The Surrogate’s Courts in New York are located in the various counties. Thus, there is a Manhattan Surrogate’s Court, a Queens Surrogate’s Court and so on. Typically, the county where a decedent had his domicile (i.e., primary home) will be the location where the estate proceedings are to be filed. For example, if a person had their primary home in Brooklyn, the proceedings concerning estate administration or the probate of a Will is to be in Kings County Surrogate’s Court.
Estate attorneys are familiar with the procedures and issues regarding estate settlement. The Court is accessible to resolve many of the issues relating to a decedent. Controversies arise in estate litigation concerning the decedent’s interests in business such as small corporations, partnerships and limited liability companies. The Surrogate generally is the judge who can resolve these disputes since their outcome relates to and affects the decedent’s estate. Additionally, a person may die and be subject to various claims of creditors. The Court can resolve controversies regarding these claims in the estate accounting proceeding or in separate proceedings. Article 18 of the Surrogate’s Court Procedure Act (“SCPA”) is entitled “Claims; Payment of Debts and Funeral Expenses.” The sections in Article 18 deal with the presentation and determination of the validity of claims against a decedent.

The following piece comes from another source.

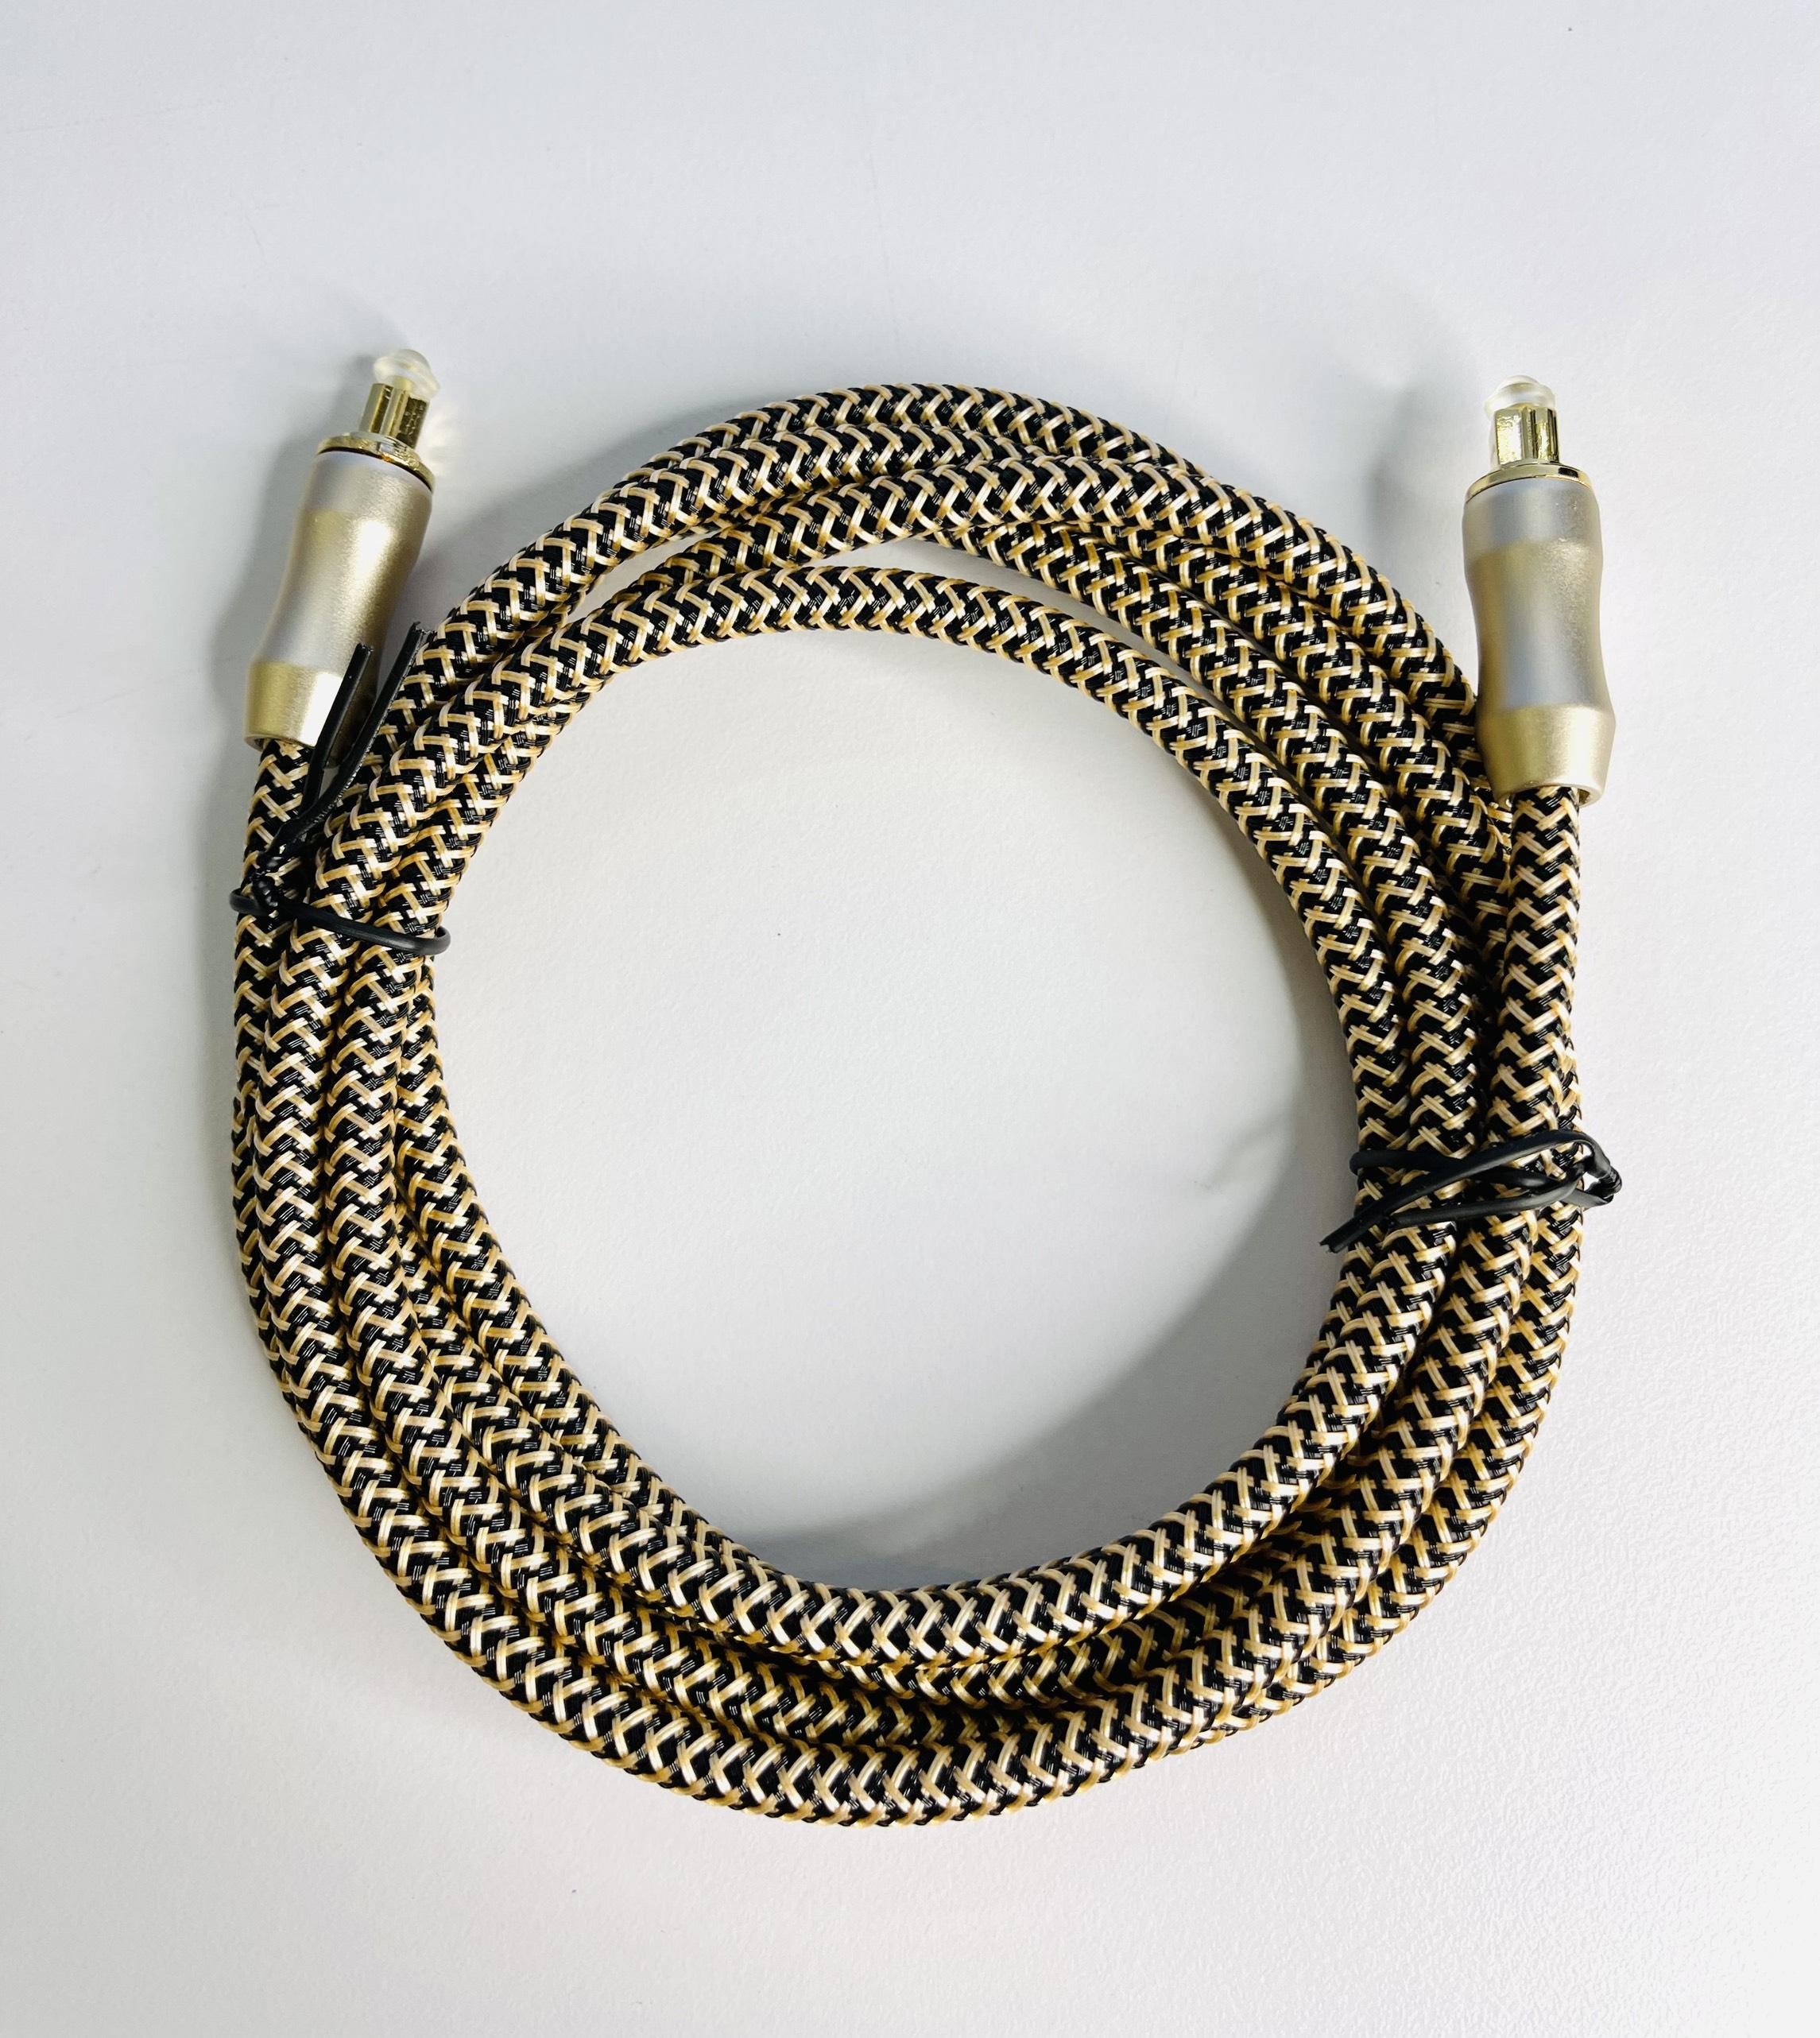 Dây audio quang (Toslink Optical) đầu mạ vàng dài 2M HIMEDIA 8.0 - Hàng chính hãng

An estate lawyer who represents an Executor or Administrator is familiar with the various sections of the SCPA and the Estates, Powers and Trusts Law (“EPTL”). I have represented many estate fiduciaries with regard to estate settlement and the resolution of claims against the deceased person’s interests.
While the Court has broad control over matters concerning a decedent, it sometimes finds that the issues presented are outside of its jurisdiction. Recently, in Estate of Virginia Camps, decided by Bronx Surrogate Nelida Malave-Gonzalez on March 19, 2014, the Court determined that a dispute regarding the ownership of real estate was between living parties and outside of the Court’s purview. The Court reached this conclusion based upon the decedent’s Will which specifically devised real estate interests and the Court recognized that such interests vested in the named beneficiaries immediately upon the decedent’s death.
Estate administration issues are typically complex and the counsel of an experienced estate professional can be greatly beneficial to resolving these matters properly and expeditiously.
New York Trusts and Estates attorney Jules Martin Haas, Esq. has been representing clients in Surrogate’s Court and estate administration in Manhattan, Queens and Brooklyn throughout the past 30 years. If you or someone you know is involved with or has questions about Estate Settlement, please contact me at (212) 355-2575 for an initial consultation.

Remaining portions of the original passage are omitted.